Obiang wanted military training, too. His government had received a State Department license to hire Military Professional Resources International (M.P.R.I.), a government-connected security contractor based in northern Virginia, to improve the virtually nonexistent capabilities of Equatorial Guinea’s tiny coast guard and navy. It was unusual for State to approve any license for military training for a regime with a human rights record as bad as Equatorial Guinea’s, but maritime defense work had been rationalized as necessary to protect huge American oil investments offshore. Now Obiang wanted to expand M.P.R.I.’s training to include his military and internal security forces and to contribute to regional campaigns against maritime piracy and illegal fishing. Obiang had told Larson that he needed additional military assistance to “protect [Equatorial Guinea’s] sovereignty and the U.S. investment.”

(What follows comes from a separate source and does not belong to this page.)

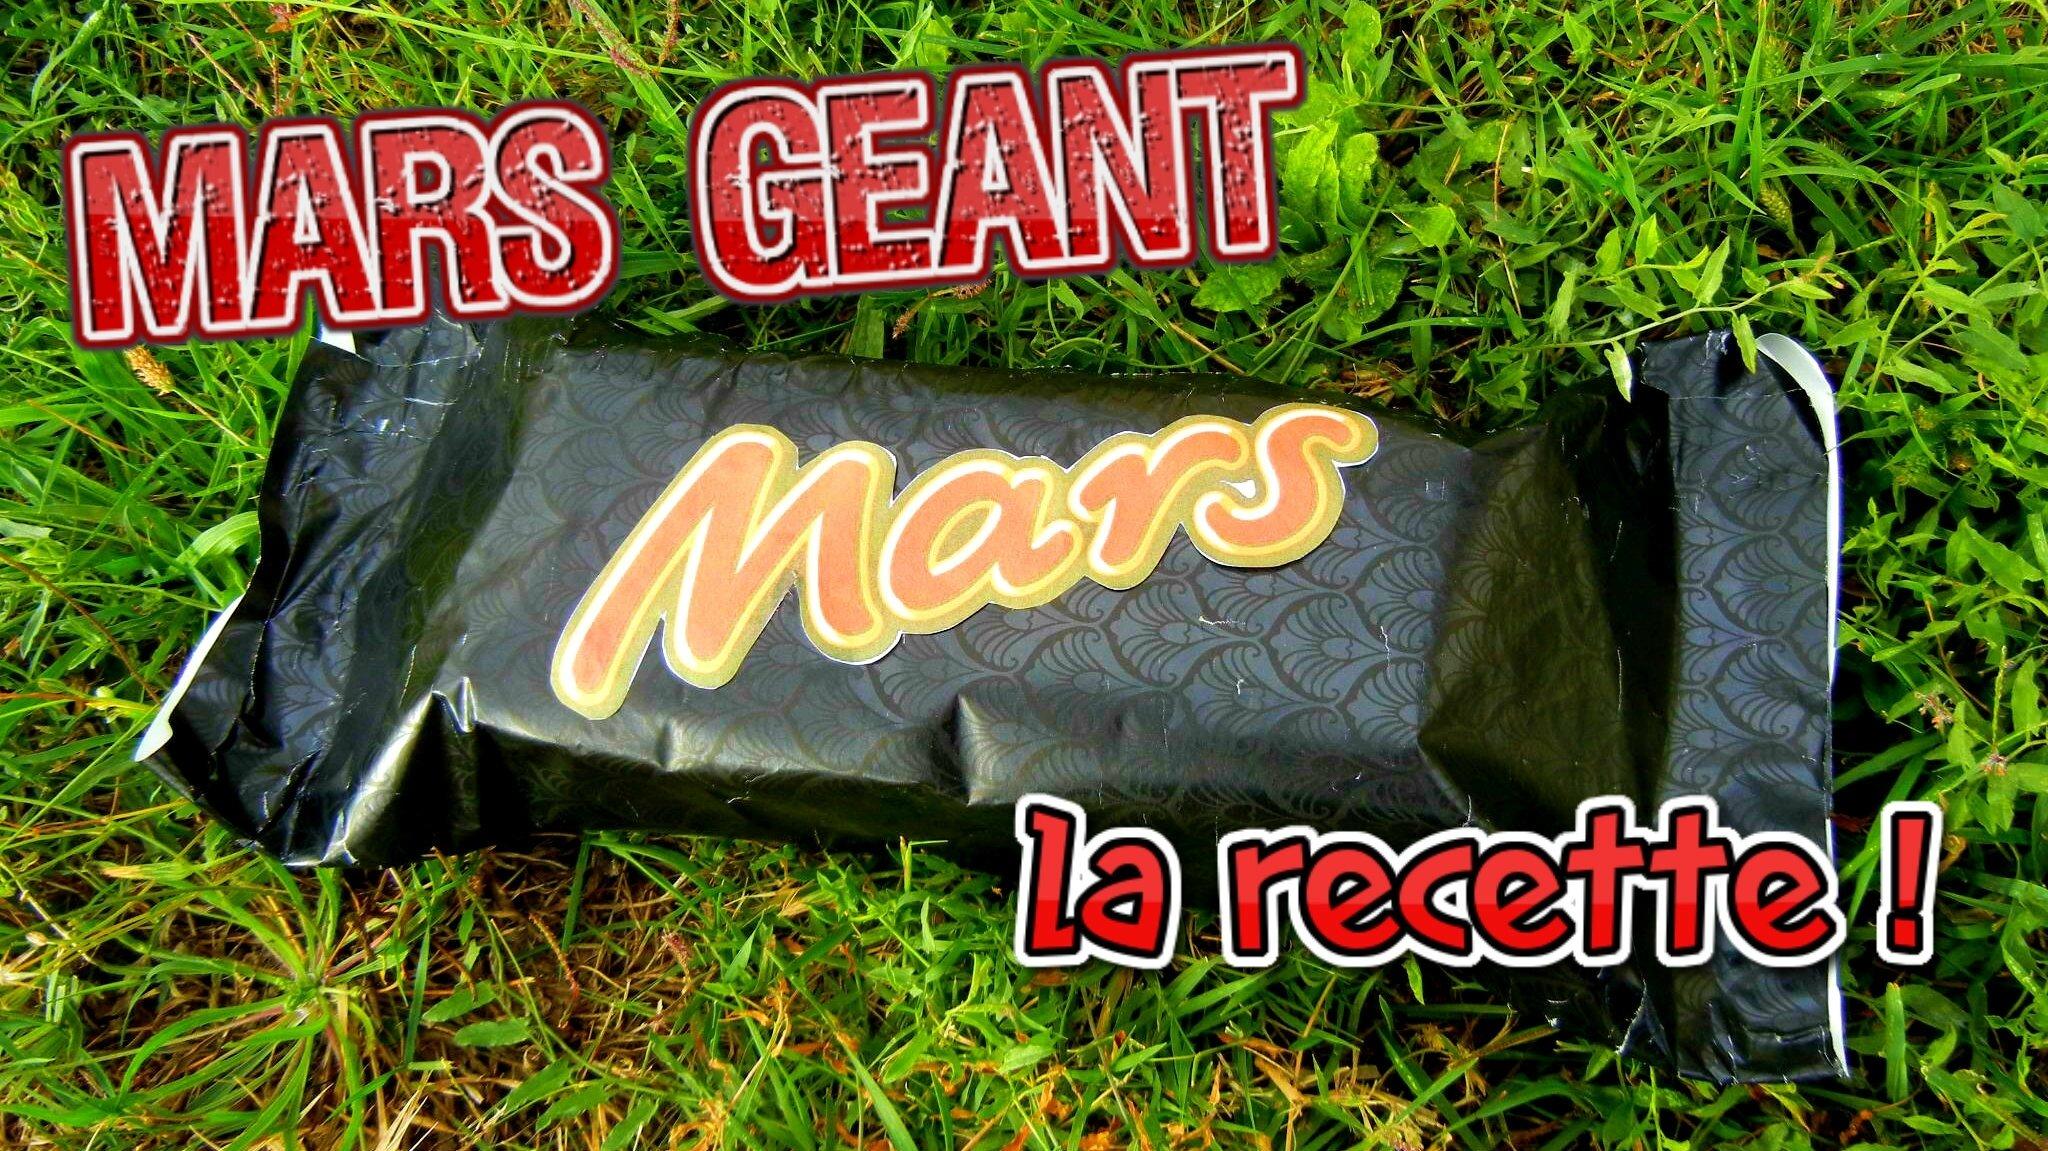 Recette du Mars Géant

He sent his foreign minister and energy adviser to Washington to explain that his request reflected Equatorial Guinea’s “concern over security issues, particularly the safety of offshore oil installations, but also stems from the president’s desire to emulate the United States in areas such as democratization and respect for human rights.” The Bush administration stalled some more.18
The administration did allow Obiang a steady stream of official meetings when he visited America for cancer treatment or other private reasons. On September 7, 2001, Obiang again met Under Secretary of State Alan Larson. United States investment in Equatorial Guinea, all in the oil and gas sector, “is having a great impact on the country,” Obiang pleaded. But he needed help. His country had been called the “Kuwait of Africa,” he said, but with a mere 10 percent royalty rate on oil production in the early phase, “this does not accurately reflect the revenues that the government receives.” The country was still waiting for ExxonMobil to cross the break-even point in the recovery of its investments, after which Equatorial Guinea’s take would rise; the country was not yet as wealthy as it would be.